- Origin: South Bend, Indiana
- Genres: Christian metal, progressive metalcore, melodic death metal
- Years active: 2005–present
- Labels: Facedown, Strike First, Sancrosanct
- Members: Elisha Mullins Todd Hatfield Alex Poole
- Past members: Lukas Chapman Jake Brewster Paul Kellner David Marshall Jake Neece Randy Rospopo Jeff Wright Kaleb Luebchow
- Website: myspace.com/theburialin

= The Burial (American band) =

American metal band

The Burial are an American Christian metalcore/melodic death metal band. Members are from South Bend, Indiana, Benton Harbor, Michigan and Champaign, Illinois. The band started making music in 2005. The band now consists of lead vocalist and guitarist, Elisha Mullins, lead guitarist, Todd Hatfield, drummer, Kaleb Luebchow, and bass guitarist, Alex Poole.
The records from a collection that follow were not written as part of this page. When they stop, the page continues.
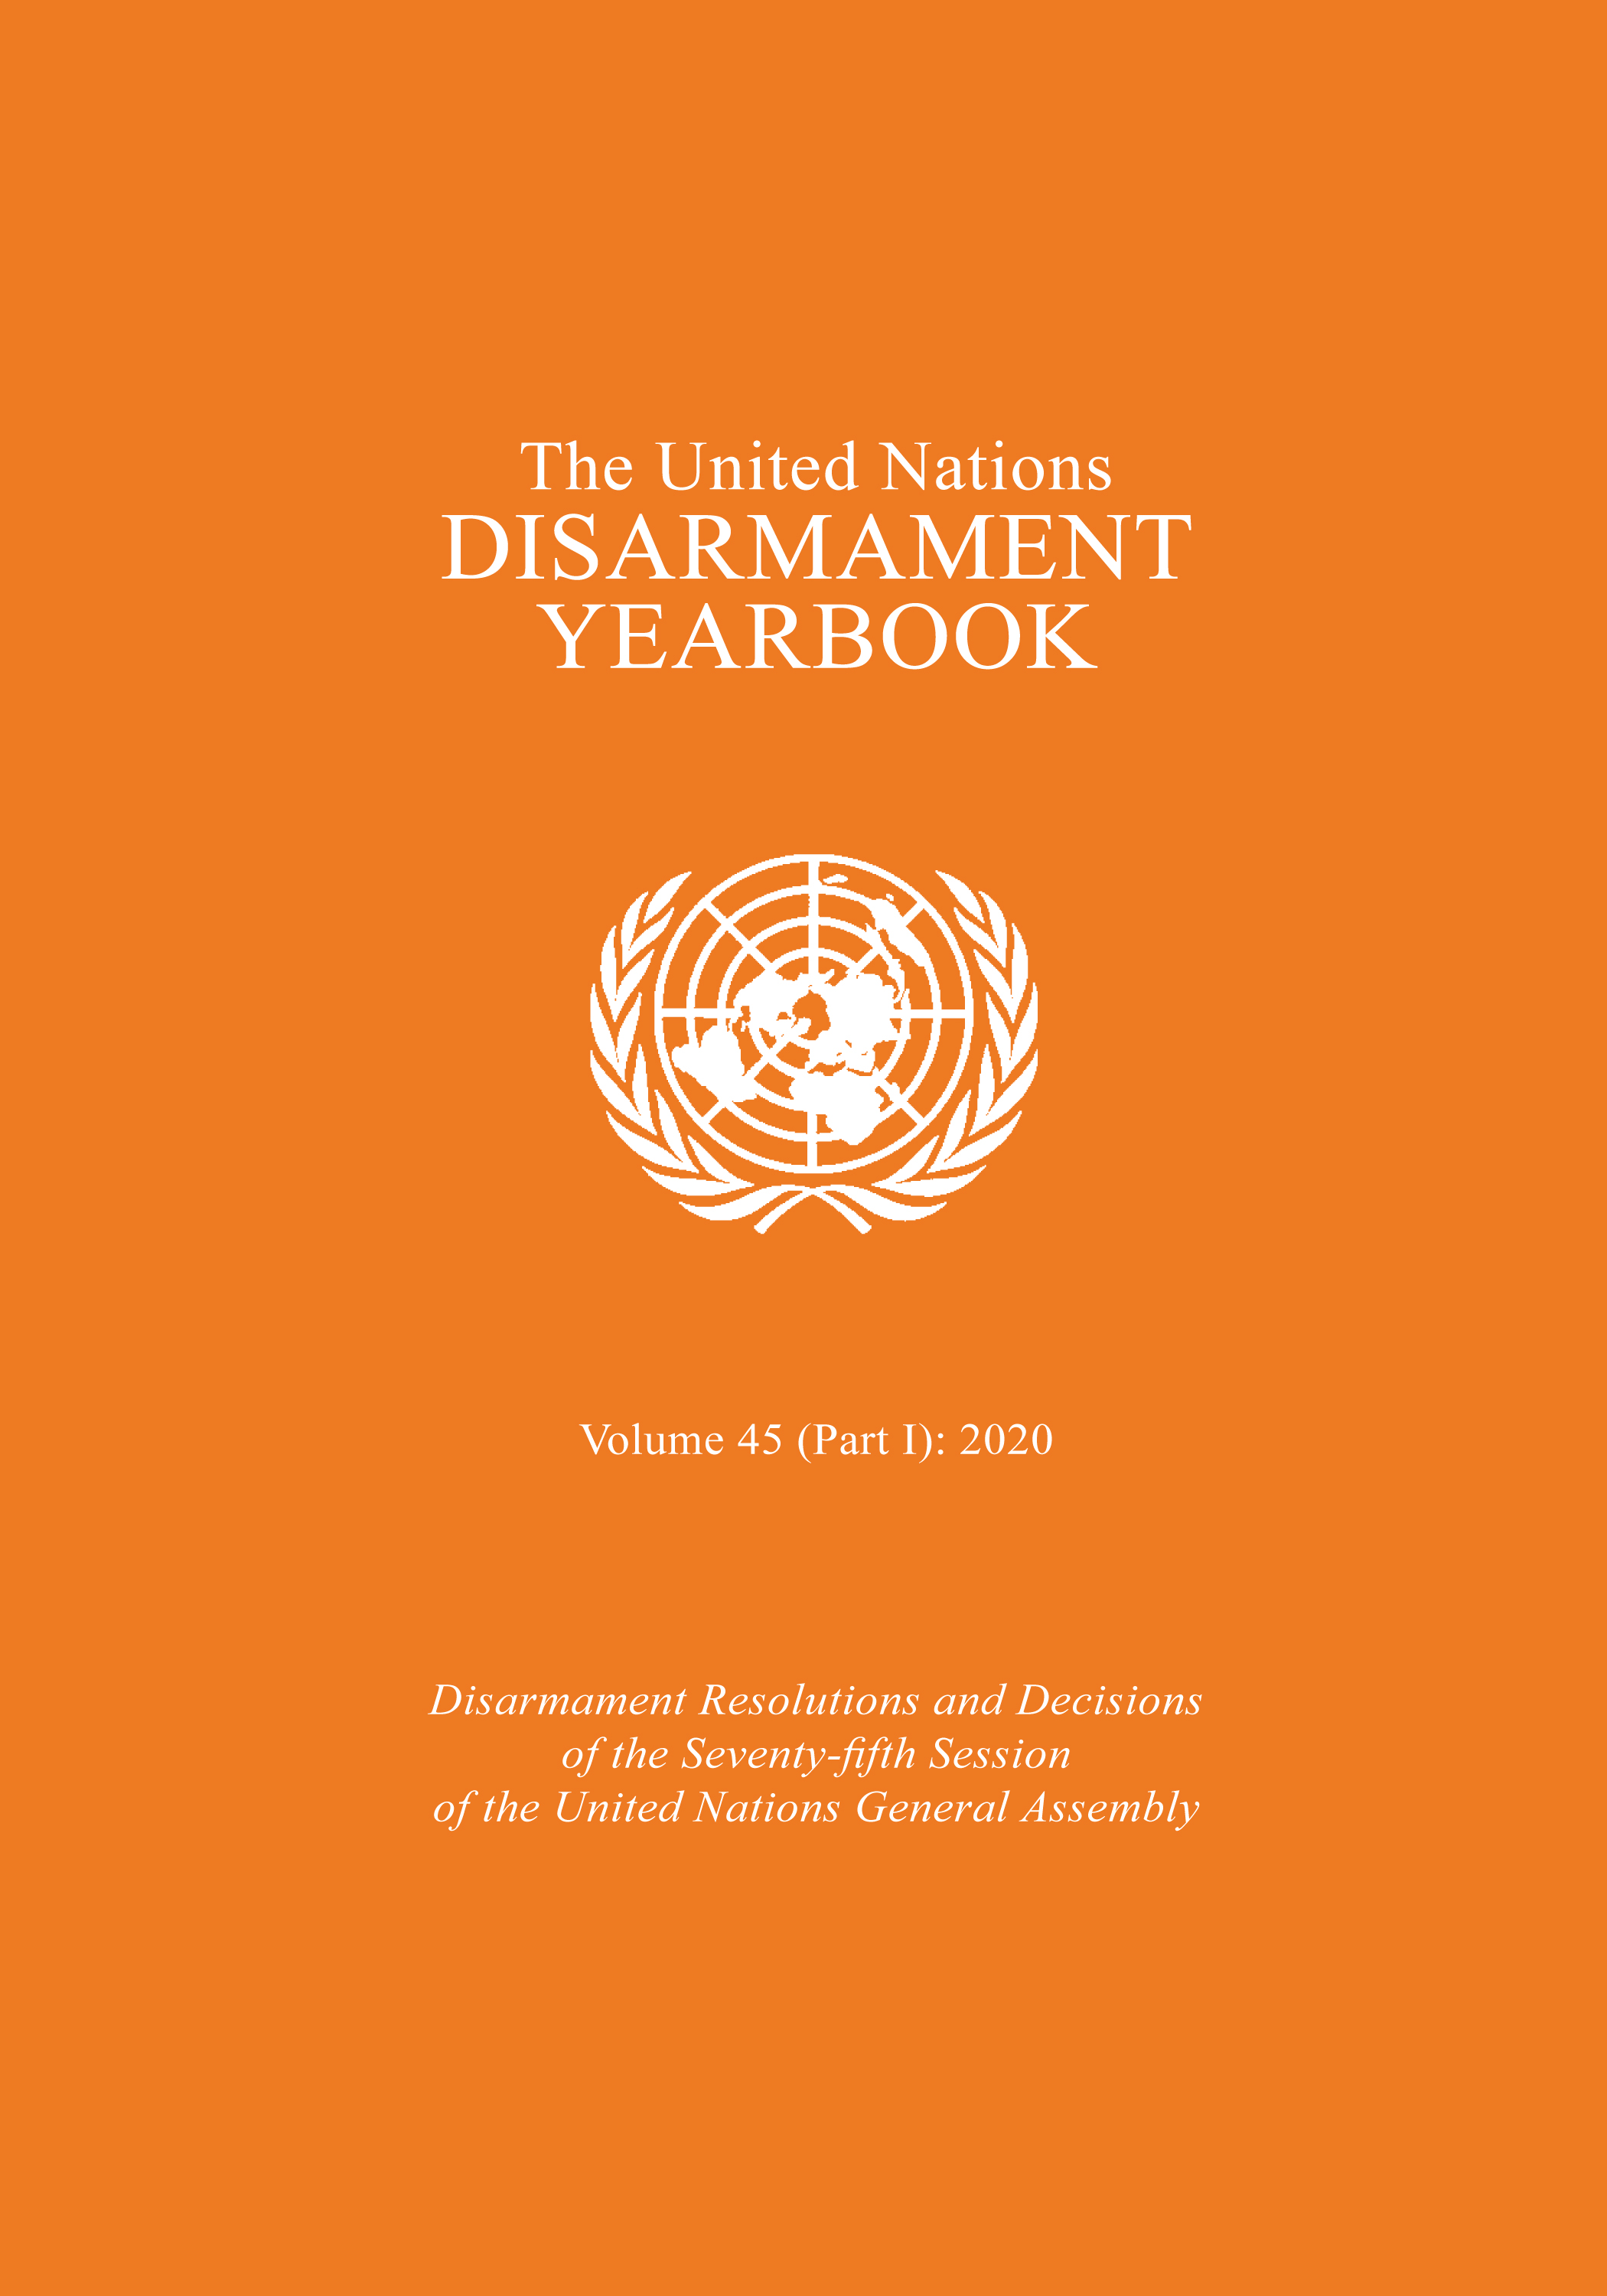 image of The United Nations Disarmament Yearbook 2020: Part I
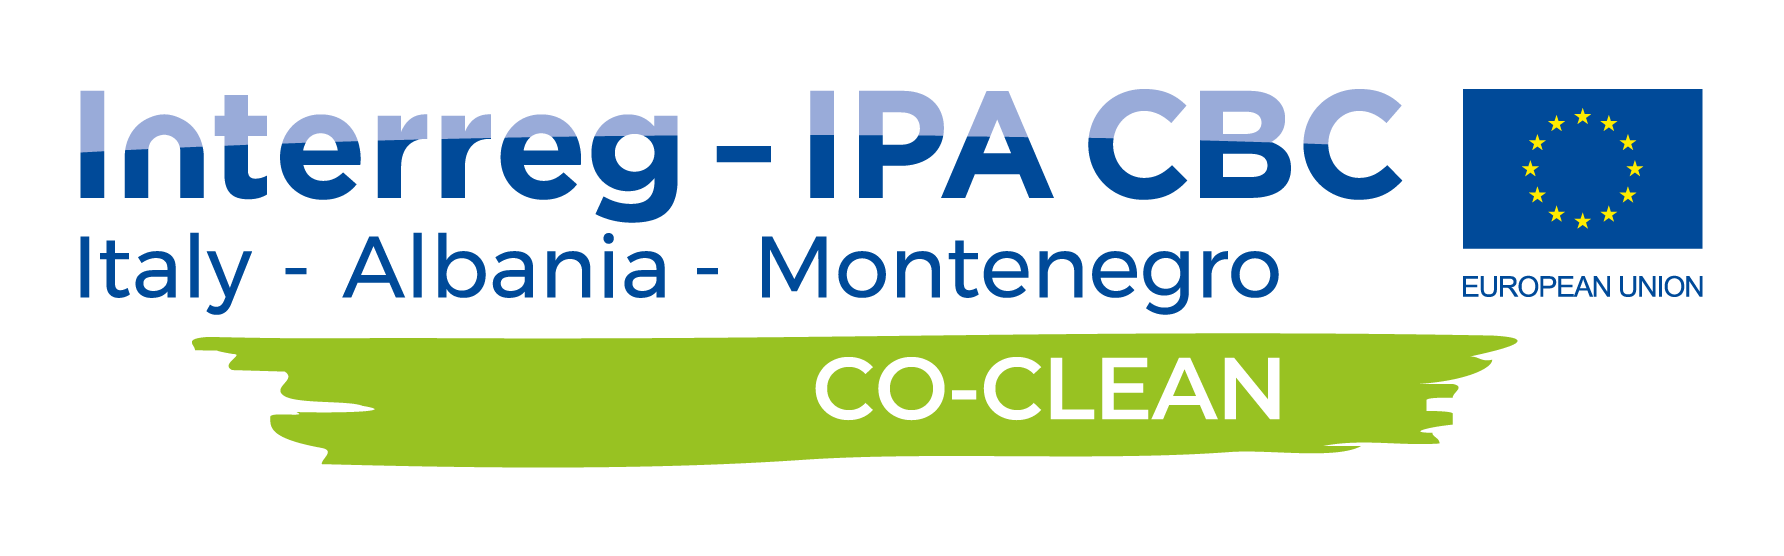 CO-CLEAN footer logo
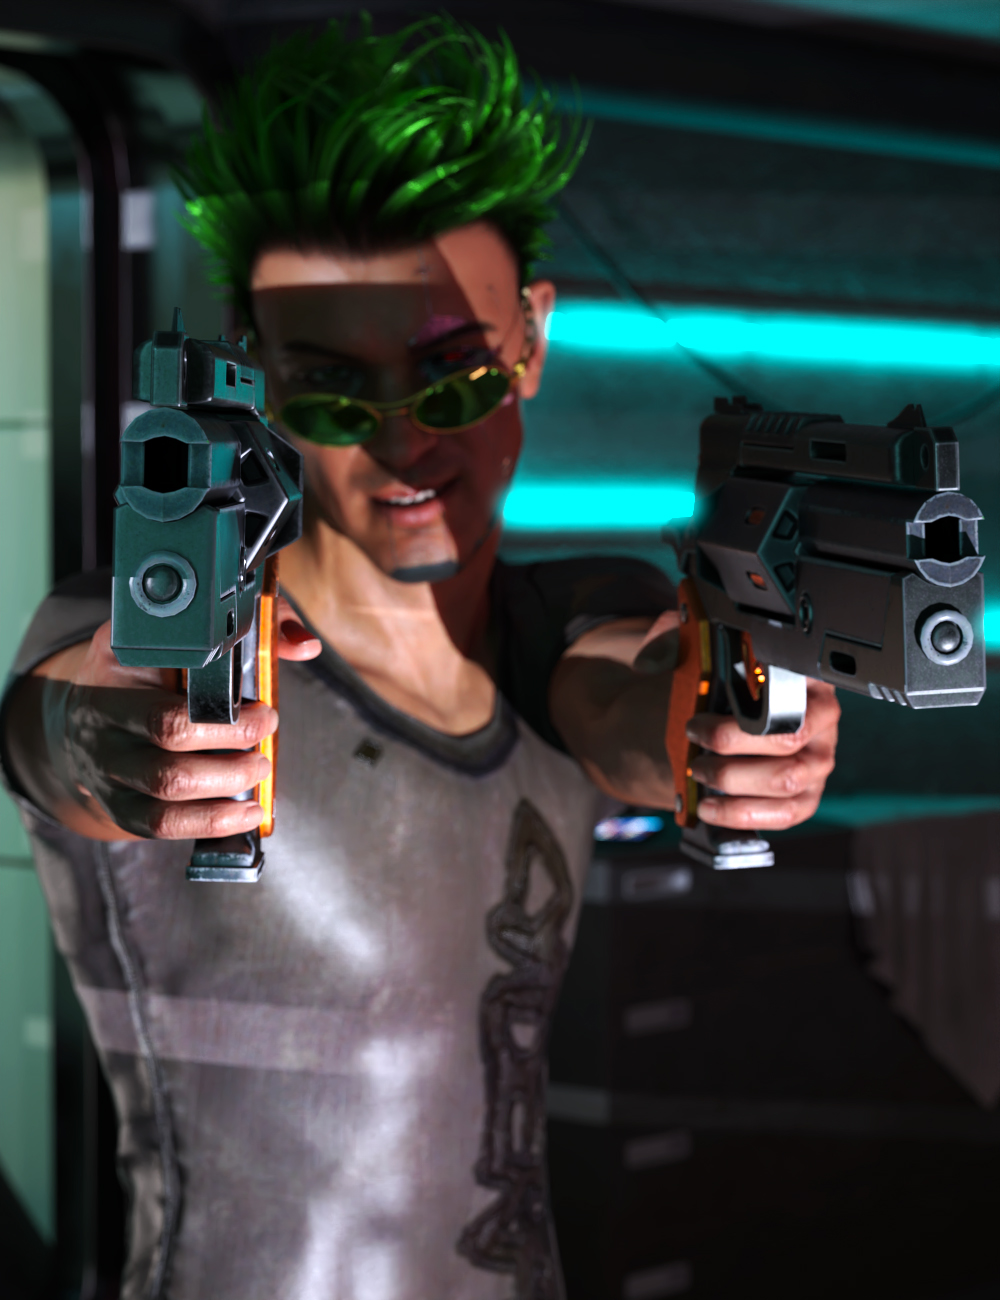 Cyberpunk Weapons by: Charlie, 3D Models by Daz 3D
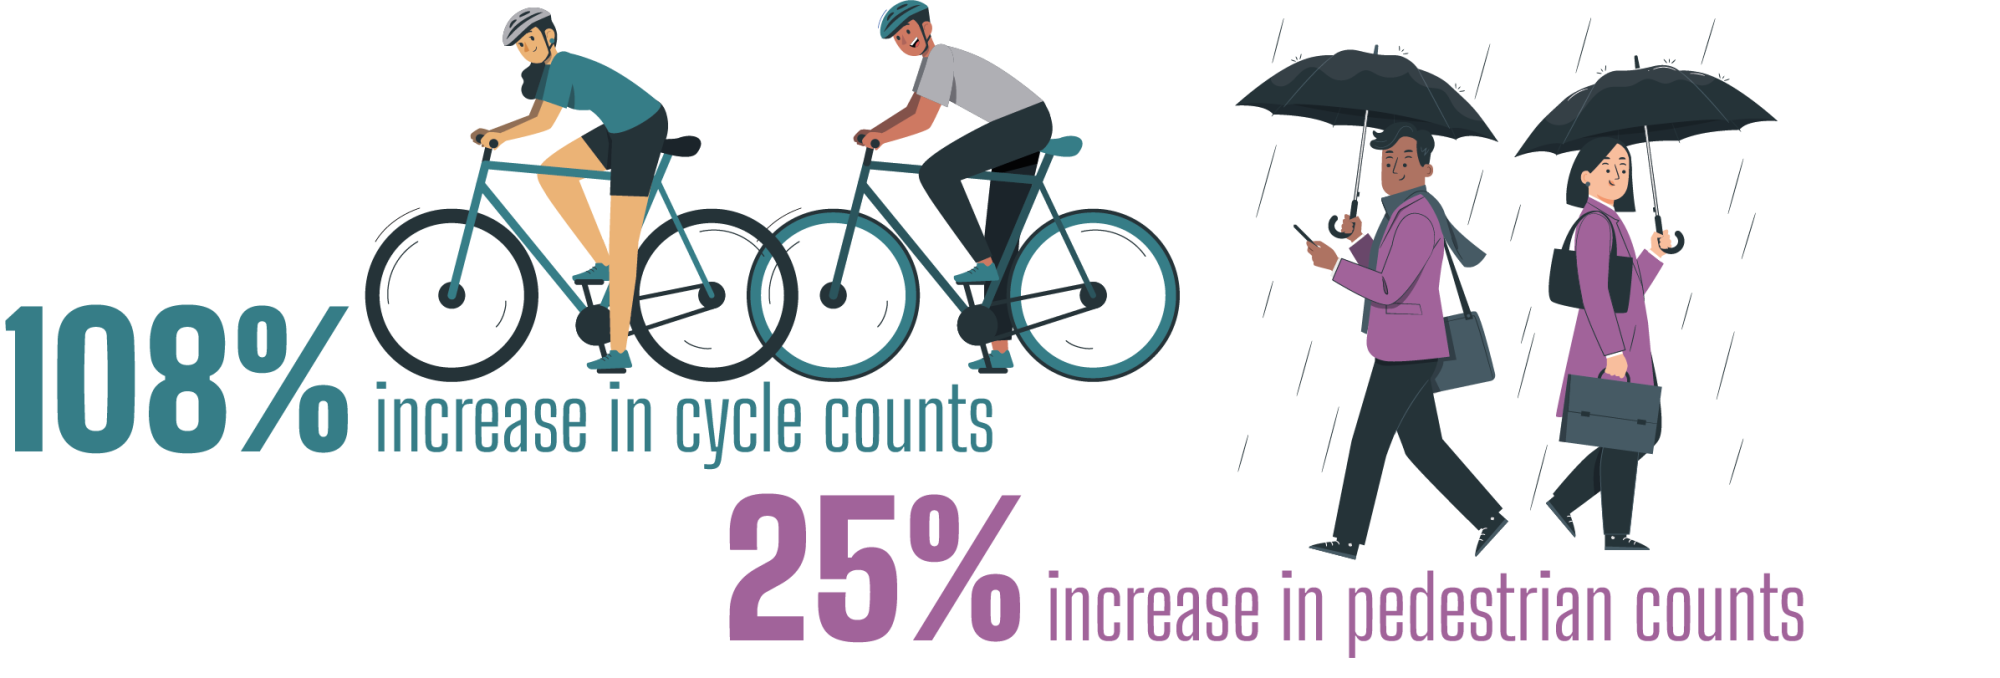 108% increase in cycle counts in East Dunbartonshire from 2019 to 2020 25% increase in pedestrian counts

The band released one EP, Age of Deceit, in 2009 with Sancrosanct Records. They signed with Strike First Records, where they released, The Winepress, a studio album, in 2010. Their second album, Lights and Perfections, released by Facedown Records in 2012. The subsequent album released by Facedown Records, In the Taking of Flesh, was released in 2013.

==Music history==
The band commenced as a musical entity in 2006 in South Bend, Indiana. Their first release, Age of Deceit, an EP, was released by Sancrosanct Records in 2009. They released a studio album, The Winepress, on August 17, 2010, with Strike First Records. They signed to Facedown Records, where they released another studio album, Lights and Perfections, on March 27, 2012. Their subsequent studio album, In the Taking of Flesh, was released on July 9, 2013, by Facedown Records.

==Members==

Current
- Elisha Mullins – vocals (2011–present), guitar (2012–present) (Miss May I, War of Ages, ex-A Hill to Die Upon, ex-Maugrim, Fleshkiller)
- Todd Hatfield – guitar (2005–present)
- Alex Poole – bass (2012–present)

Live musicians
- Kenny Johnson – guitar (Caecus)
- Mike Pingel – guitar (2013)

Former
- Lukas Chapman – vocals (2005–2010)
- Jake Brewster – guitar (2005–2007)
- Randy Rospopo – drums (2005–2012, 2022–present)
- Paul Kellner – guitar (2010) (ex-The Analyst)
- David Marshall – vocals (2009–2011) (Snakehound)
- Jake Neece – bass (2005–2012)
- Jeff Wright – guitar (2010–2012)
- Kaleb Luebchow – drums (2012–2022) (died; 2022) (ex-Dödsmarsch, ex-Hope for the Dying, ex-Caecus, ex-War of Ages)

Timeline

==Discography==
- Studio albums
- The Winepress (August 17, 2010, Strike First)
- Lights and Perfections (March 27, 2012, Facedown)
- In the Taking of Flesh (July 9, 2013, Facedown)
- EPs
- Age of Deceit (2009, Sancrosanct)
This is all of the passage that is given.